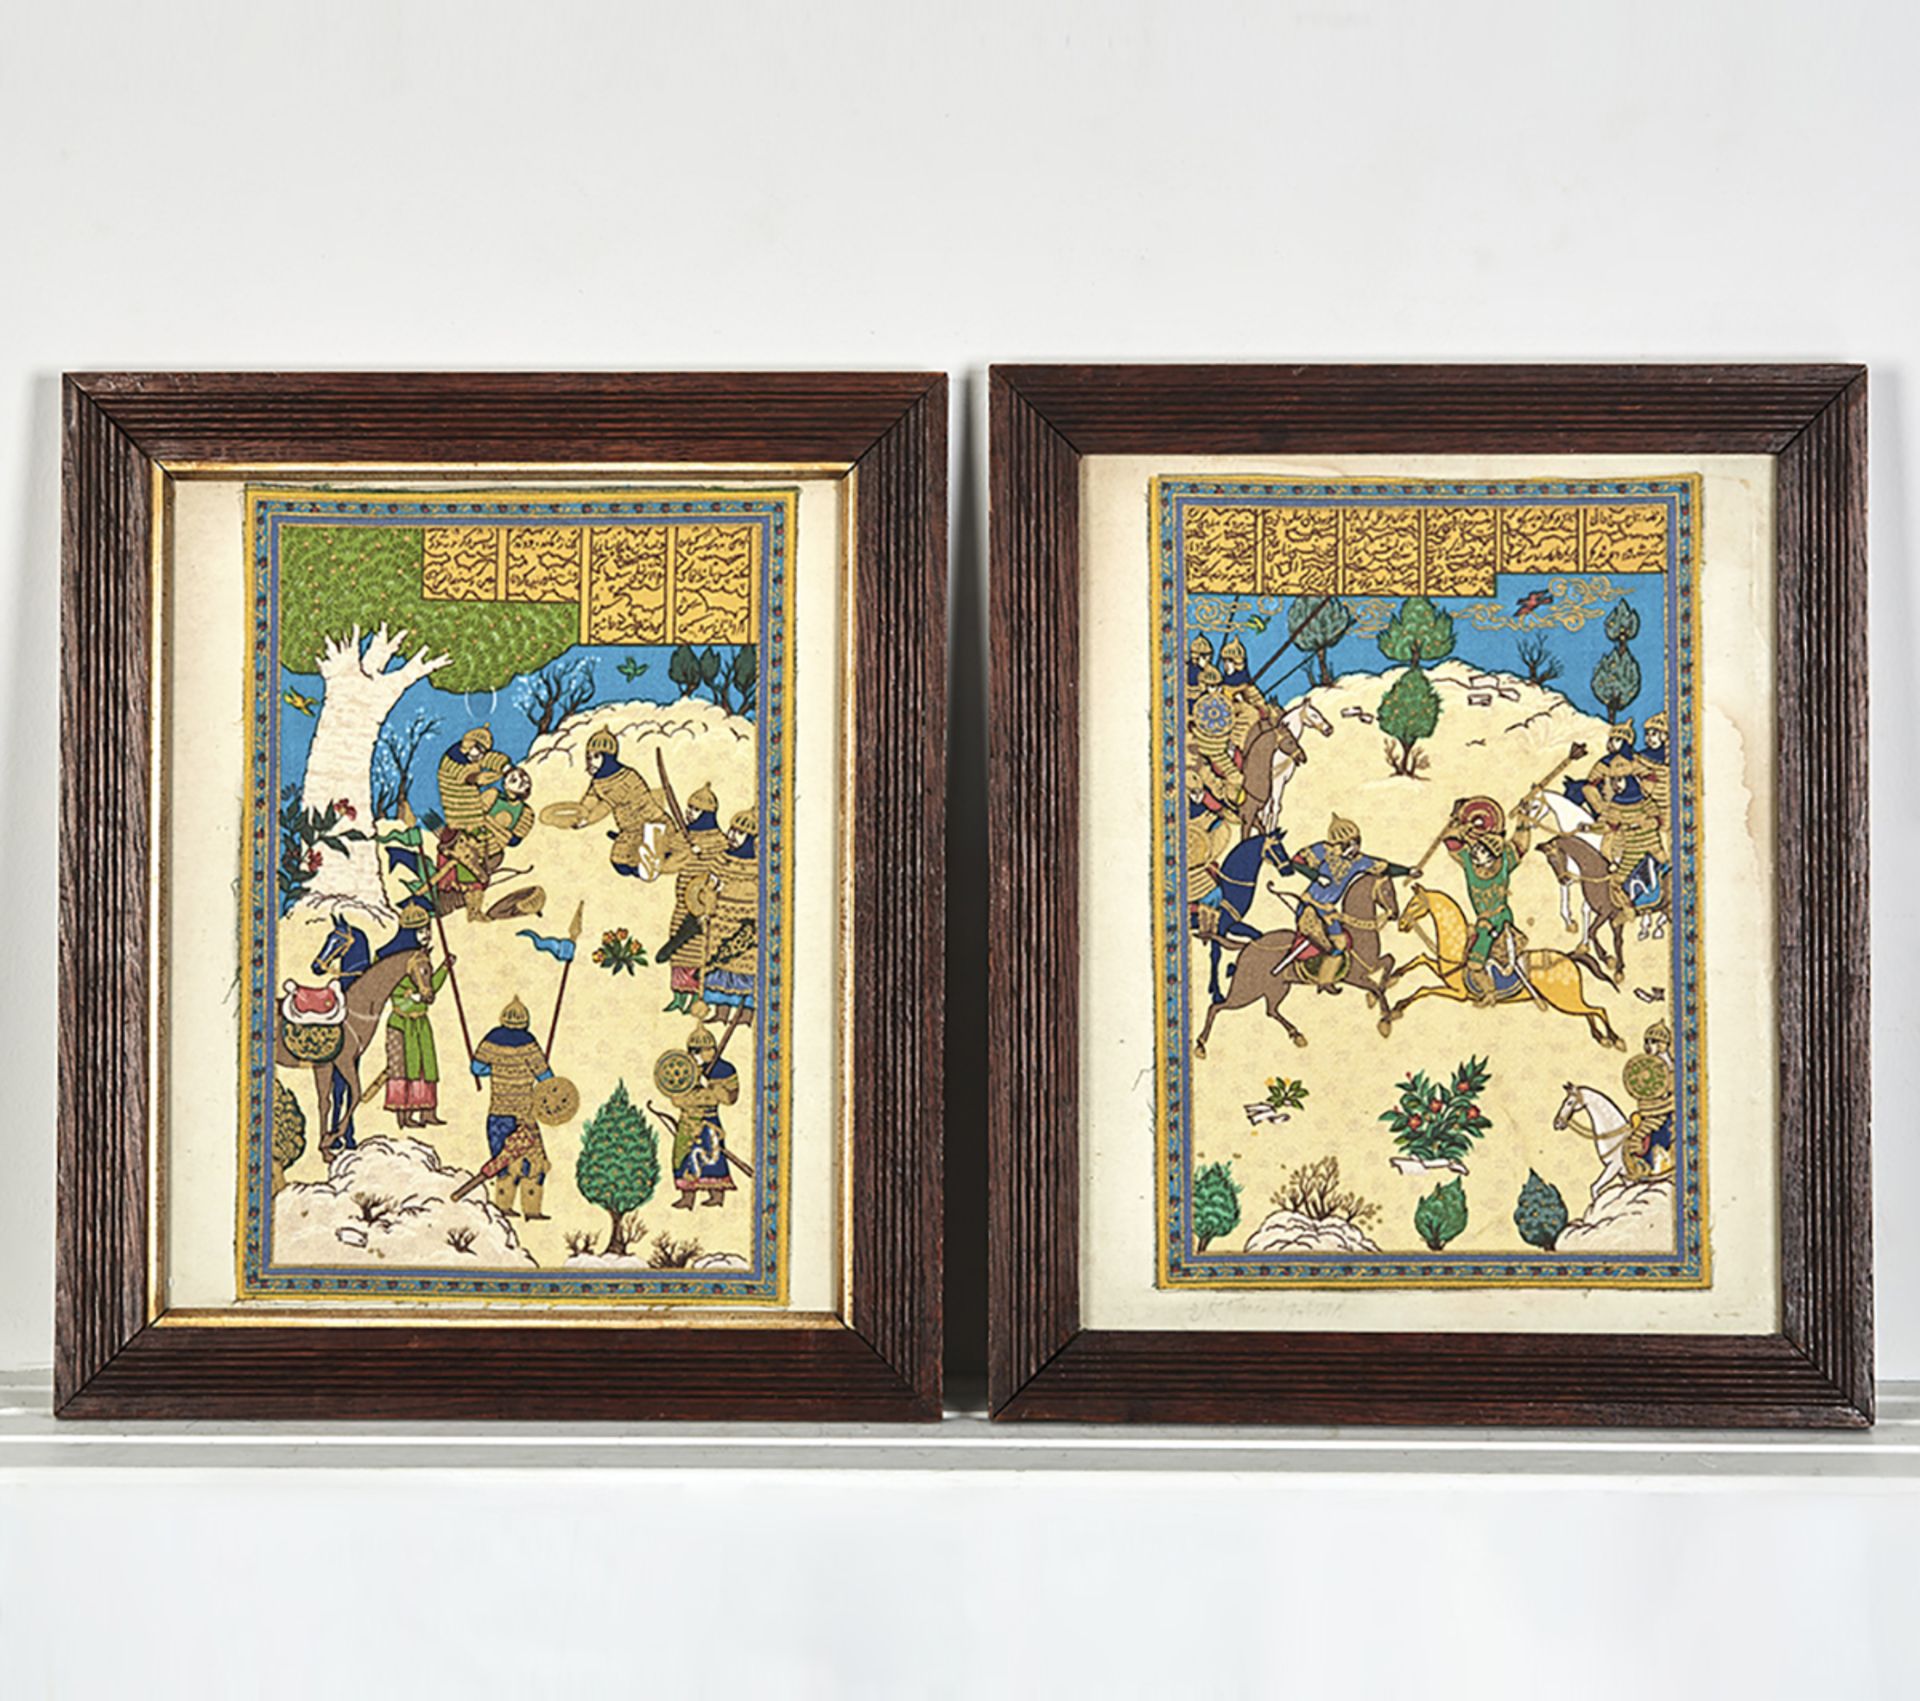 PAIR PERSIAN HUNTING SCENES ON FABRIC, EARLY 20TH C. - Image 8 of 8
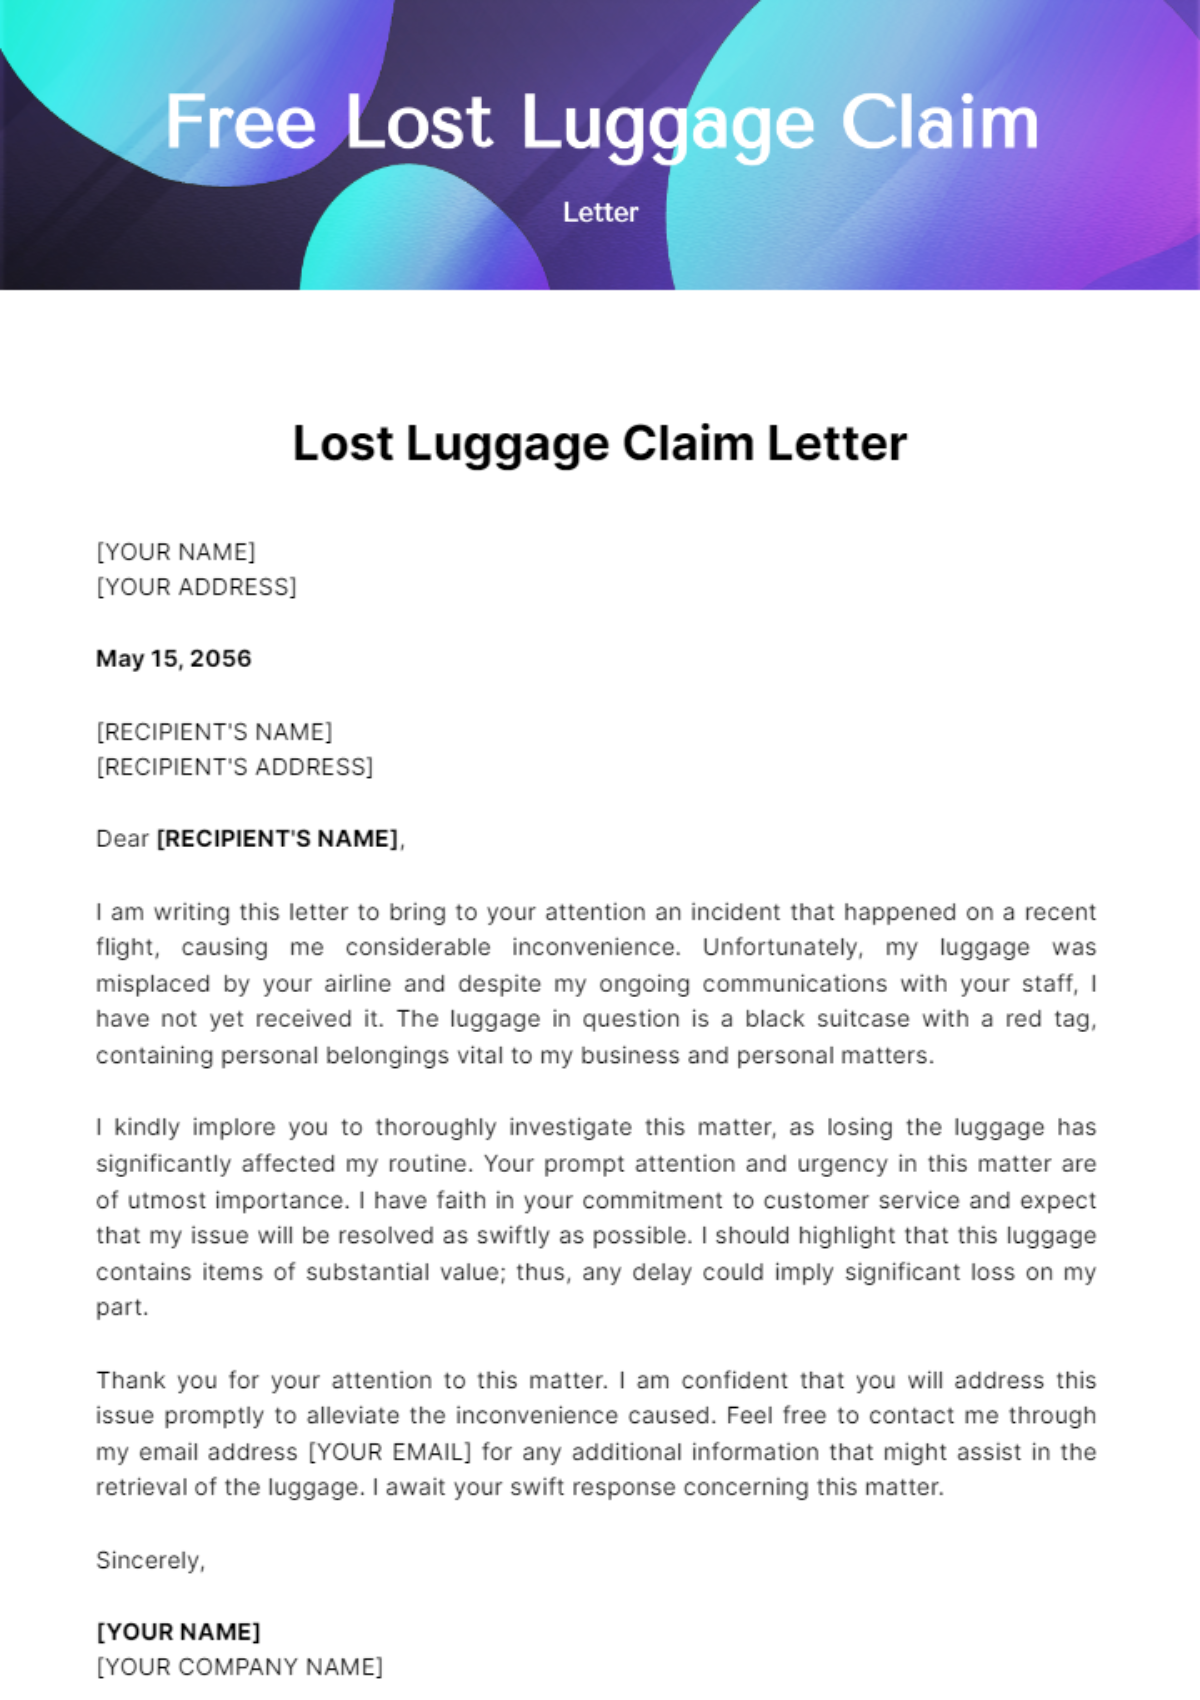 Free Lost Luggage Claim Letter Template
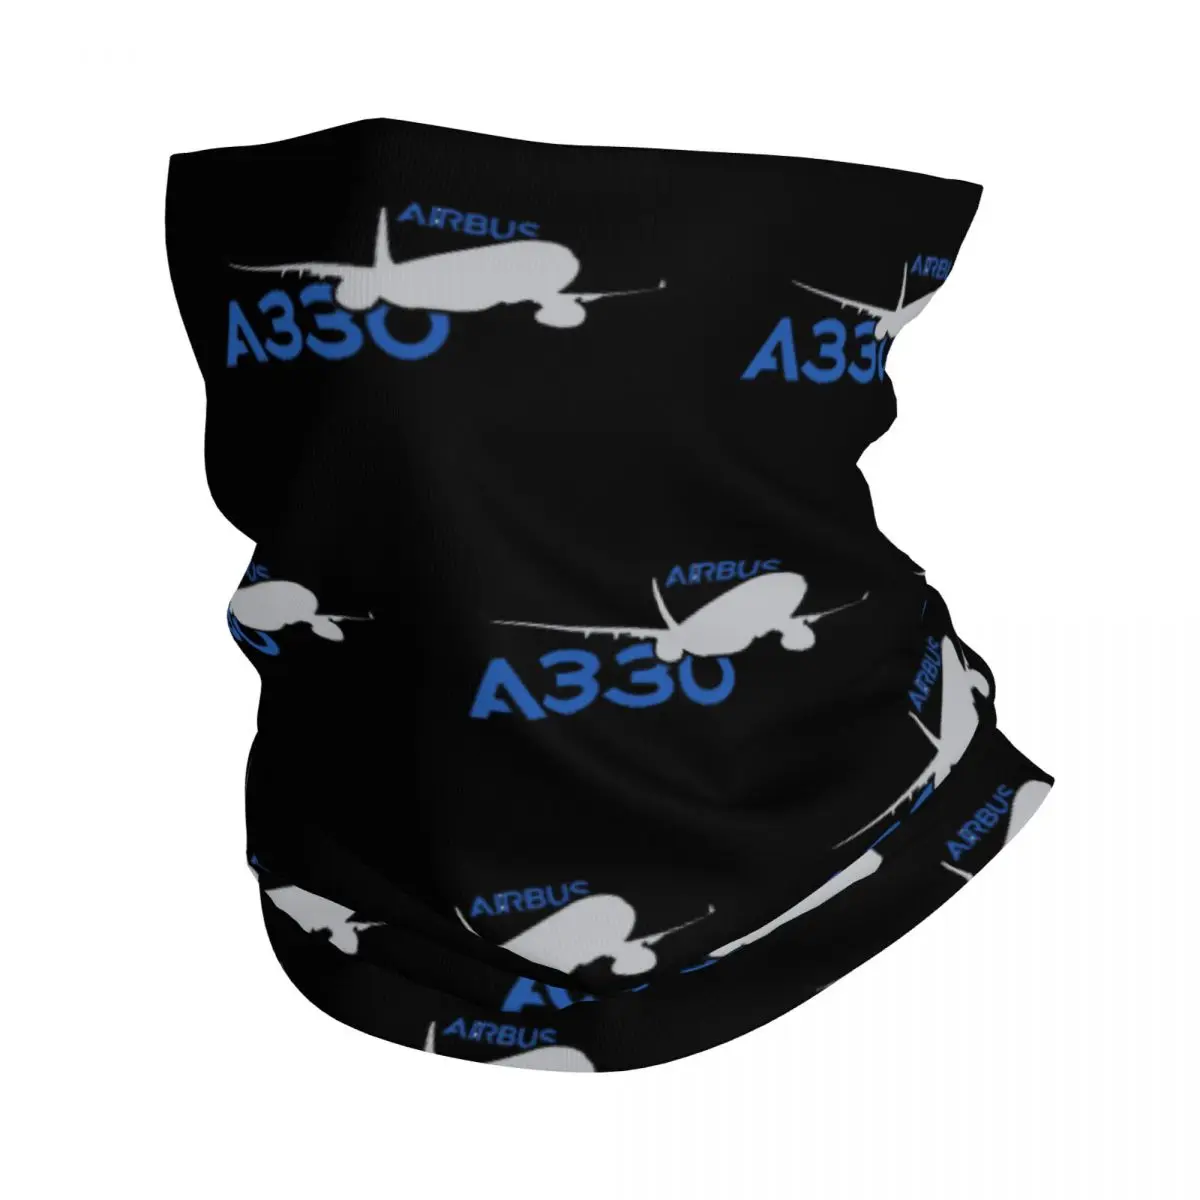 

Airbus A330 Airline Airplane Bandana Neck Gaiter Printed Balaclavas Mask Scarf Warm Cycling Hiking Unisex Adult Breathable

+++++

■ **What the task requires**:
The task calls for repeating each line above exactly while excluding the pictures.

■ **Output for this task**:
 PAIR PERSIAN HUNTING SCENES ON FABRIC, EARLY 20TH C. - Image 8 of 8
 Free Lost Luggage Claim Letter Template

Airbus A330 Airline Airplane Bandana Neck Gaiter Printed Balaclavas Mask Scarf Warm Cycling Hiking Unisex Adult Breathable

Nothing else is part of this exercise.